The charge also included, at Appellant’s request, a voluntary manslaughter instruction.
Now, if you find from the evidence beyond a reasonable doubt that the Defendant, Sigma F [sic] Richardson, in the County of Tarrant and State of Texas, on or about the 28th day of May, 1988, did then and there intentionally or knowingly cause the death of an individual, Ricky Richardson, by shooting him with a deadly weapon, to-wit: a firearm; or if you find from the evidence beyond a reasonable doubt that the Defendant, Sigma F [sic] Richardson, in the County of Tarrant and State of Texas, on or about the 28th of May, 1988, did then and there intentionally, with intent to cause serious bodily injury to Ricky Richardson, commit an act clearly dangerous to human life, namely, shoot him with a deadly weapon, to-wit: a firearm, which caused the death of Ricky Richardson; and that the Defendant, in so acting, if she did, was acting under the immediate influence of sudden passion arising from an adequate cause, as those terms are defined herein, then you will find the Defendant guilty of the offense of voluntary manslaughter.
The jury convicted appellant of the lesser-included offense of voluntary manslaughter. The jury’s verdict stated:
We the jury, find the Defendant, Sigma F [sic] Richardson, guilty of the offense of voluntary manslaughter.
[signed by the Foreperson] Foreman
Since the time of the Court of Criminal Appeals’ opinion in Polk v.
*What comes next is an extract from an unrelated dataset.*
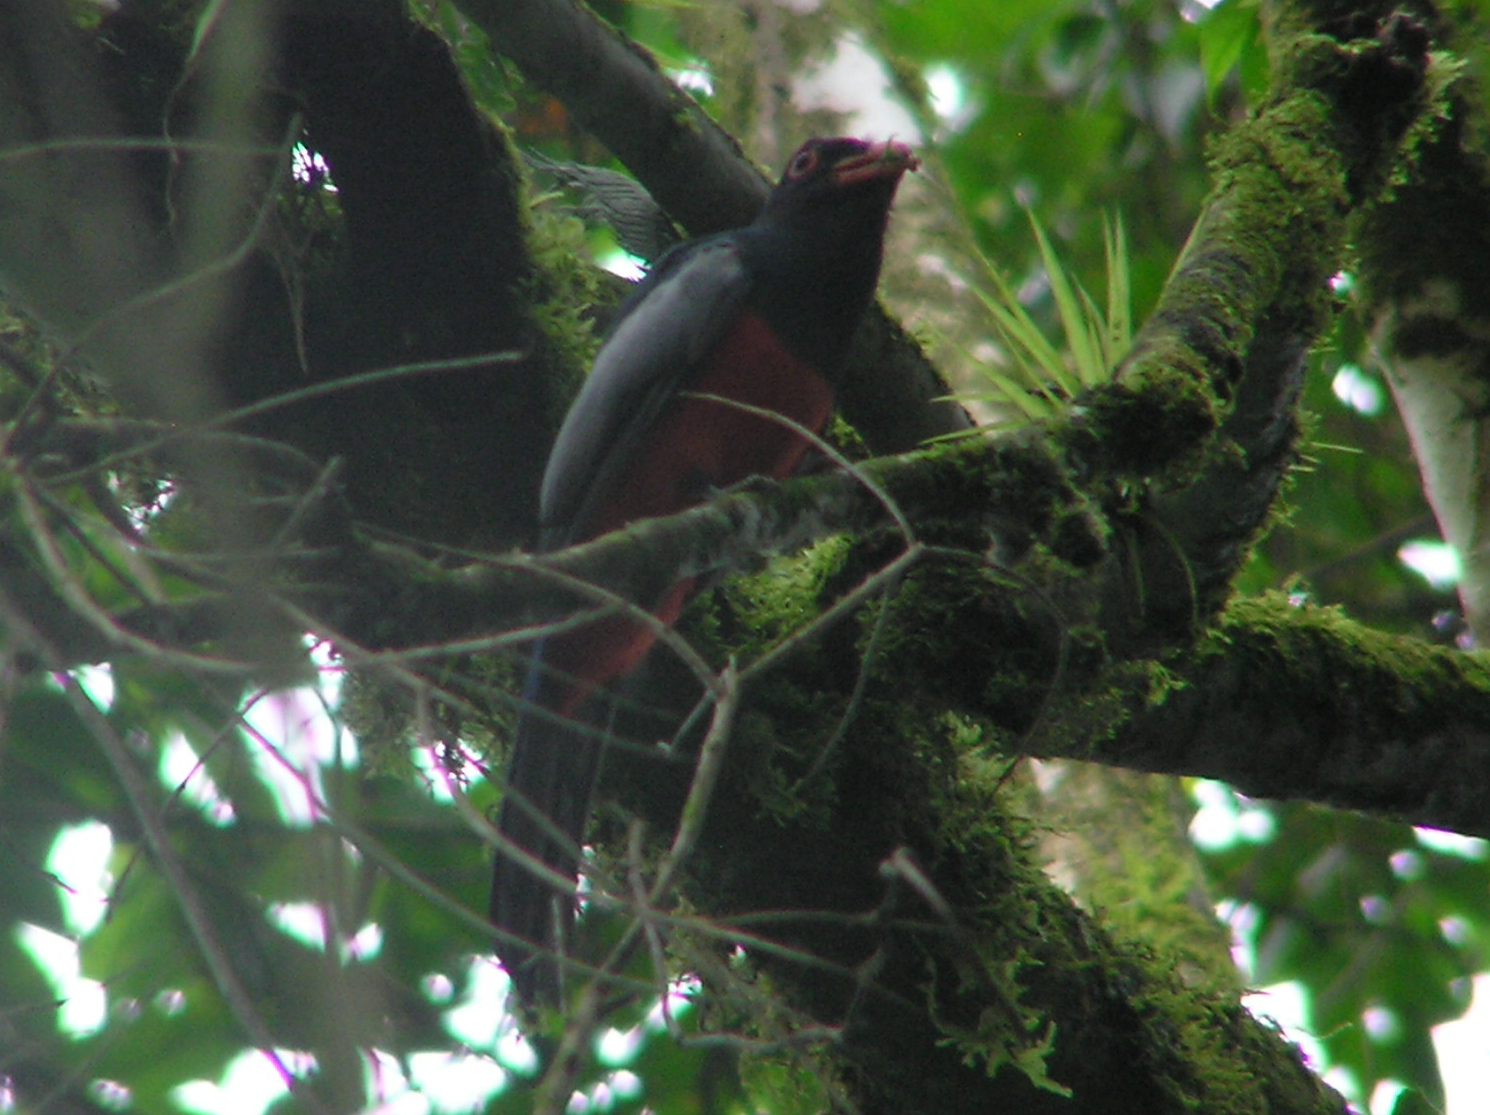 Click picture to see more Slaty-tailed Trogon photos.

State, 693 S.W.2d 391, 393 (Tex.Crim.App.1985), it has been held that a trial court is authorized to enter a deadly weapon affirmative finding in three situations: where the jury has (1) found guilt as alleged in the indictment and the deadly weapon has been specifically pleaded as such using “deadly weapon” nomenclature in the indictment; (2) found guilt as alleged in the indictment but, though not specifically pleaded as a deadly weapon, the weapon pleaded is per se a deadly weapon; or (3) affirmatively answered by a special issue on deadly weapon use.
A previous panel of this court, in attempting to carve out a fourth situation under circumstances identical to those present in the instant case, was rebuked by the Texas Court of Criminal Appeals in the recent case of Davis v. State, 897 S.W.2d 791, 794 (Tex.Crim.App.1995). The court there affirmed there are only three situations in which a deadly weapon affirmative finding is authorized in a case tried to a jury. None of those situations are present in our case. The Court of Criminal Appeals in Davis ordered the judgment of the trial court reformed so as to delete the deadly weapon finding. That remedy is also appropriate here.
The judgment entry as to the finding on use of a deadly weapon is hereby ordered deleted. The judgment of the trial court, as reformed, is affirmed.
. The trial judge presiding was a visiting judge.
. Effective September 1, 1994, section 19.06 of the Penal Code was transferred to article 38.36 of the Texas Code of Criminal Procedure. Act of May 29, 1993, 73rd Leg., R.S., ch. 900, §§ 1, 7.03, 1993 Tex.Gen.Laws 3586, 3764 (current version atTEX.CoDE Crim.Proc.Ann. art. 38.36 (Vernon Supp.1995)).
. This third argument is presented in a post-submission letter brief accepted by the Court.